I am here because there is an epidemic of Kala Azar. (also known as visceral leishmaniasis) a parasite carried disease, spread by the sand-flies, and causing longstanding fevers, huge spleen and liver, anaemia, and if untreated surely will cause death in the end. 
It is mainly small children being sick, and the centres that treats this disease are few in the country. But in Old Fangak there is a such centre, lead and run by a fiery american doctor (Dr. Jill). She works half of the year in Alaska, raising money to run the centre, and spend the rest of year here in Old Fangak. At the moment there is more than 400 patients on treatment for Kala Azar, all needing daily injections for at least a month to recover. There is no other NGO’s helping in the area, no one running the health facilities, and there fore there is also 3000 general patients a month seeking help in the centre, and Dr Jill is also supporting 2 health workers in neighbouring payams with salaries. While Dr. Jill is in america, a sudanese nurse is running the centre.


My teams assignment is to see how we in Medair can support this centre. The case load this year exceeds expectations, and the centre is overwhelmed, and they are appreciating the hands of 2 extra doctors on ground. A big part of the time has been spend on doing consultations, in-patient rounds, and help with new admissions. For me as a Doctor it is fantastic to such clinical work again, and also to learn about this disease, that to be honest I had never seen before.
The week has also offered a visit to the 2 satellite health centres. To travel there you go by boat. One of the health facilities could not be reached in speed boat as the water was too low in the river.

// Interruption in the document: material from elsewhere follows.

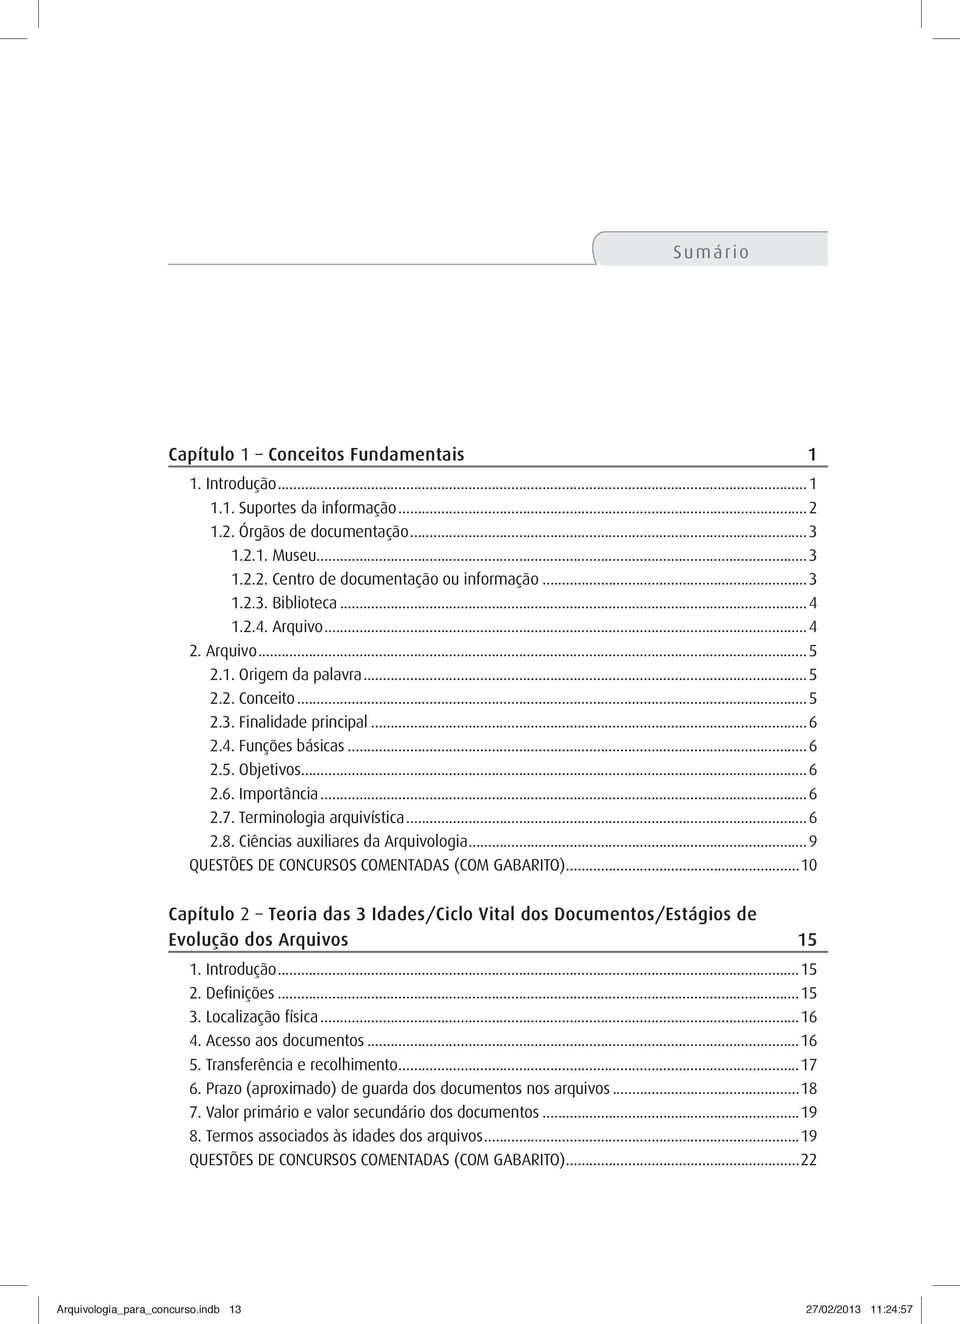 Terminologia arquivística...6 2.8. Ciências auxiliares da Arquivologia...9 QUESTÕES DE CONCURSOS COMENTADAS (COM GABARITO).

We had to get out of the boat, hike through the bush, and then climb into a hallowed tree-trunk, used as a canoe (like the once they have in the stone-age museum in Denmark) When reaching the village, we were immediately served a cup of tea, and met the local authorities and village elders. Then we were led to the health centre, consisting of 4 tukuls (clay-huts). Only the health worker is no a salary, but 3 traditional birth attendants, an assistant and a cleaner is volunteering in the centre. Everyday the treat around 20 patients for the most common diseases (diarrhoea, malaria, pneumonia, eye infection) and refer  the rest to Old Fangak (which is an 8 hour walk through the swamp away) We collect  3 woman and their sick children on the way back, offering them a ride to the clinic.
It has also been the week where I have proved that I can light a charcoal-stove and cook on it, manage with out electricity at all for a whole week ( I appreciate my 6 hour battery on my laptop and my solar panel torch the more now)
This place has an unique nature, and I wonder again and again how it is possible to live here. There is fishing, and breading of cattle, and life continues as it has always been lived here. Once in a while the peace is disturbed by a commercial boat, bringing in supplies for the local market. The boat is at the same time the local bus service bringing people back and forth to the big city a days travel away.